Australian Defense Minister John Faulkner says Canberra may start withdrawing troops from Afghanistan in two years if its mission to train local soldiers goes as planned. It is the first time an Australian official has offered a possible timetable on pulling forces out of Afghanistan.
Australia's main focus in Afghanistan's southern Uruzgan province has been training the Afghan National Army. Canberra could start to pull its troops out in two to four years if that mission proceeds as expected.
Australia has 1,550 military personnel in the troubled country, including elite commandos, reconstruction units and training specialists.

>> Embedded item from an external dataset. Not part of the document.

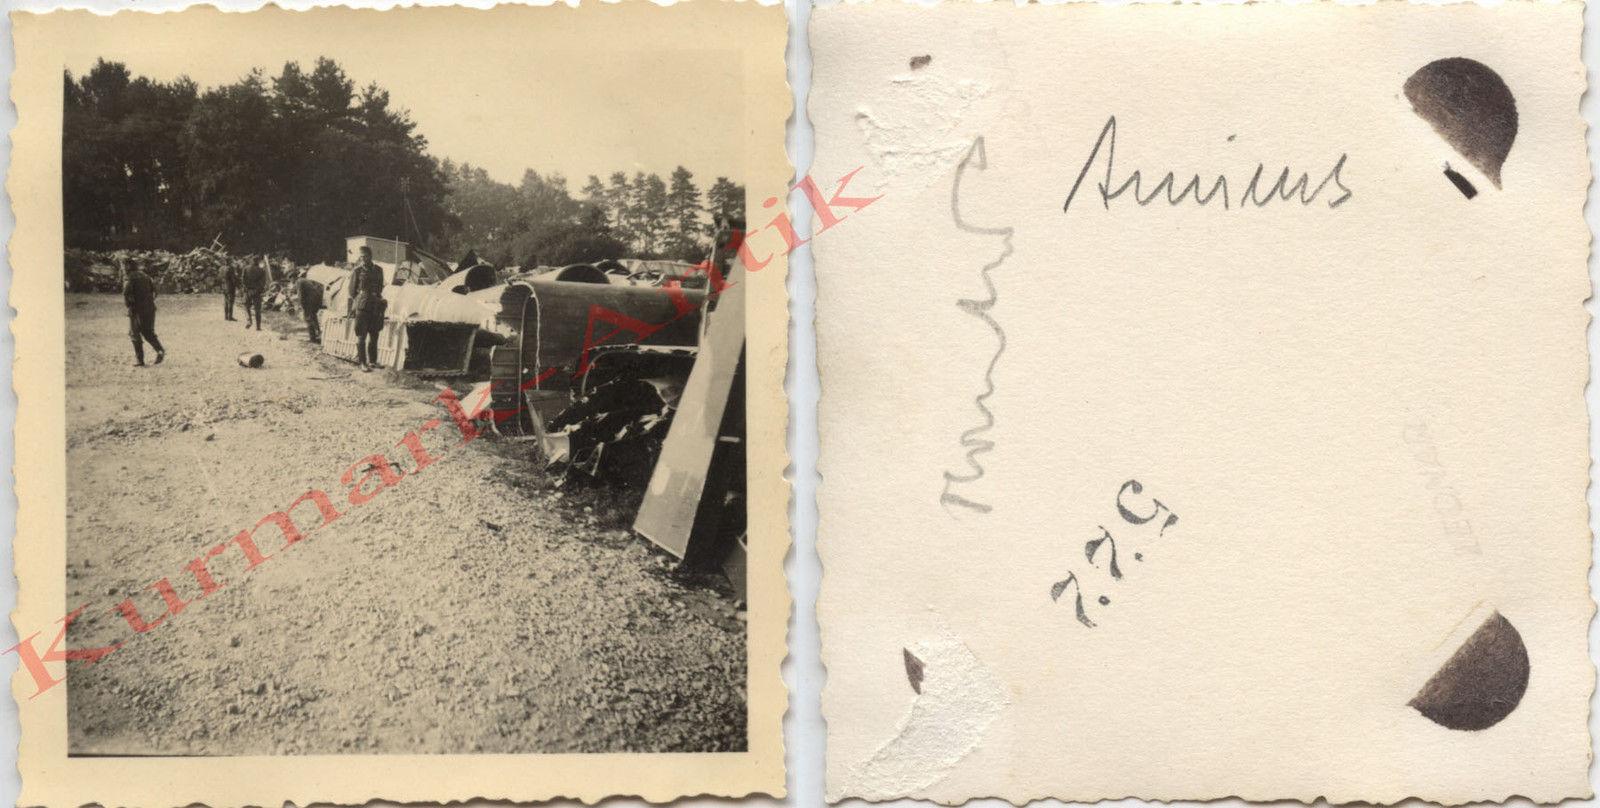 Cimetière d'avions Amiens

In Canberra, Defense Minster John Faulkner on Wednesday for the first time gave a timetable for a possible withdrawal of Australian troops. "At some point within that two-to-four-year timeframe we would see our training mission transition to an over-watch role," he said.
Public support in Australia for a distant and increasingly bloody war in Afghanistan appears to be waning.
This week three Australian commandos were killed in a helicopter crash, bringing the nation's number of fatalities in the Afghan campaign to 16. The cause of the crash is unknown, although officials say it was not the result of an attack by insurgents.
Among those killed was 27-year-old Ben Chuck, a former crocodile handler from Queensland.
Despite his son's death, his father, Gordon Chuck, supports Australia's involvement in Afghanistan. "Ben will always be remembered as a young, vibrant man and in our eyes he will never grow old," Chuck said. "He believed in the reason he was there and so do we."
Australia supports Washington's assertions that the solution to the Afghan insurgency lies beyond simply military might.
In August, Dutch forces will return home from Uruzgan province and will be replaced by U.S. troops.
Canberra has ruled out sending more soldiers, saying its relatively small armed forces are already stretched by other missions overseas, including East Timor and the Solomon Islands.